Rising to her feet, she tried to decide what the best course of action was. She could not abandon the man here alone, defenseless, while she went to fetch help, not with dark closing in. Nor could she dare leave the children out here with him. Grabbing Andrew by the waist, she swung him up behind his sister in the saddle.

“Andrew, you needs must ride for help. Do no’ run the horse. I know you love to do that. Have care the beastie does no’ slip in the snow. Hie you to Craigendan and tell them to fetch a cart…and furs…and any warming stones if they be ready. Tell Cook to heat water for baths and prepare hot broth for us all.” She handed him the reins.

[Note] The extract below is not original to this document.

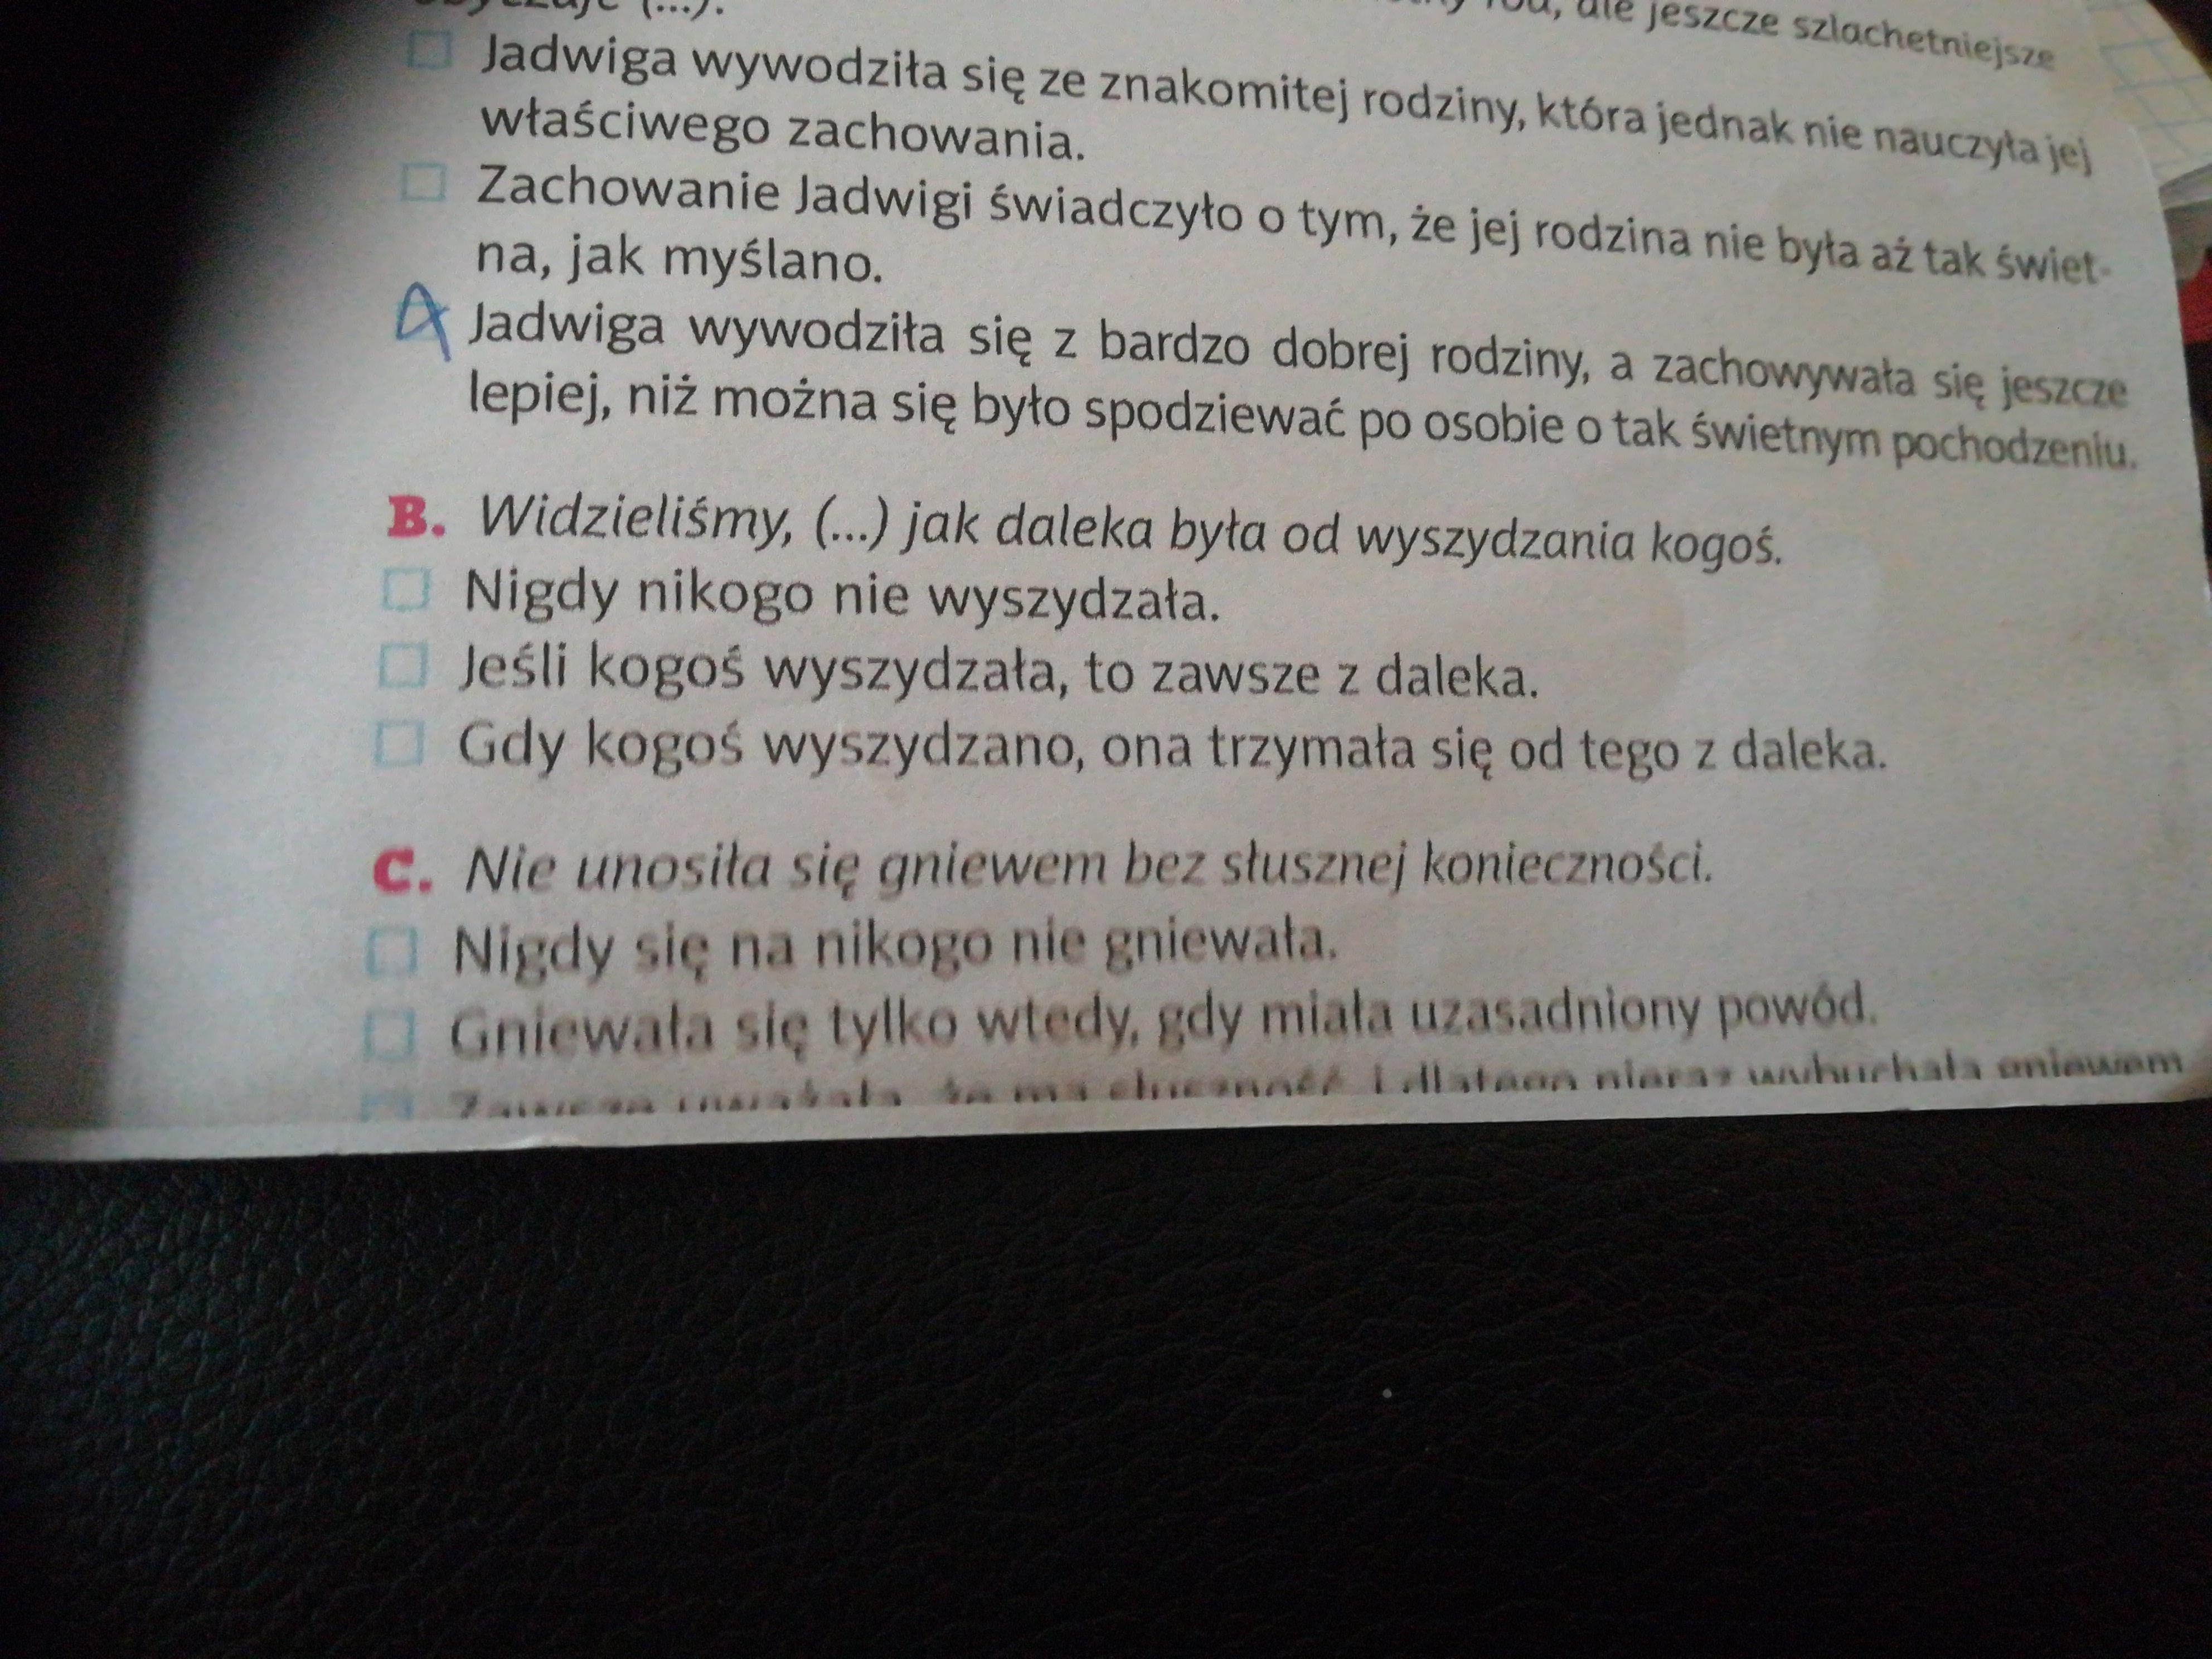 Poniżej Znajdują Się Cytaty Z Kazania Stanisława Ze

“Aye, Màthair. I shall be careful,” he promised solemnly, assuming the responsibilities of a man upon his small shoulders.

“Our lives depend upon you, Andrew, my brave lad.” She moved to the horse’s head and rubbed his forelock. “Oh, noble steed, carry my children safely to Craigendan…save us all, and I shall see you get apples through the winter.”

Closing her eyes tightly against the tears, she hugged him, and then said a silent prayer to the Auld Ones to keep her bairns safe. Hoping she was doing the right thing, she gave the horse a light slap on his haunch and set him in motion. With her heart pounding, she watched until the pale stallion disappeared in the blinding blizzard.

Turning back to the man on the ground, she once again had to wipe the gathering flakes from his face. She attempted to tug him to a sitting position, thinking she could wrap her mantle around them both, and lend him what little body heat she still had. When she went to lift him, she realized he still had his broadsword lashed crosswise over his back. Finding the strap’s buckle on the center of his chest, she released it.

Then, froze as the howl came.

It was close by. The man groaned as she urgently rolled his dead weight, enough to drag the sword out from under him, and then dropped the leather sheath as she freed the blade. Holding the sword in her right hand, she used her left to release the clasp of her mantle. She would need her arms free to swing the sword. Keeping her eyes fixed upon the trees, she dragged her woolen cape over the man’s unmoving body.

The deep growl sent a chill to her marrow as the threat of the snowstorm had failed to do. Low tree limbs rustled and then parted as the set of glowing yellow eyes peeked through the wintry foliage.

Swallowing hard, Skena brought the sword up, preparing to swing, and praying she had strength enough to wield the mighty sword true.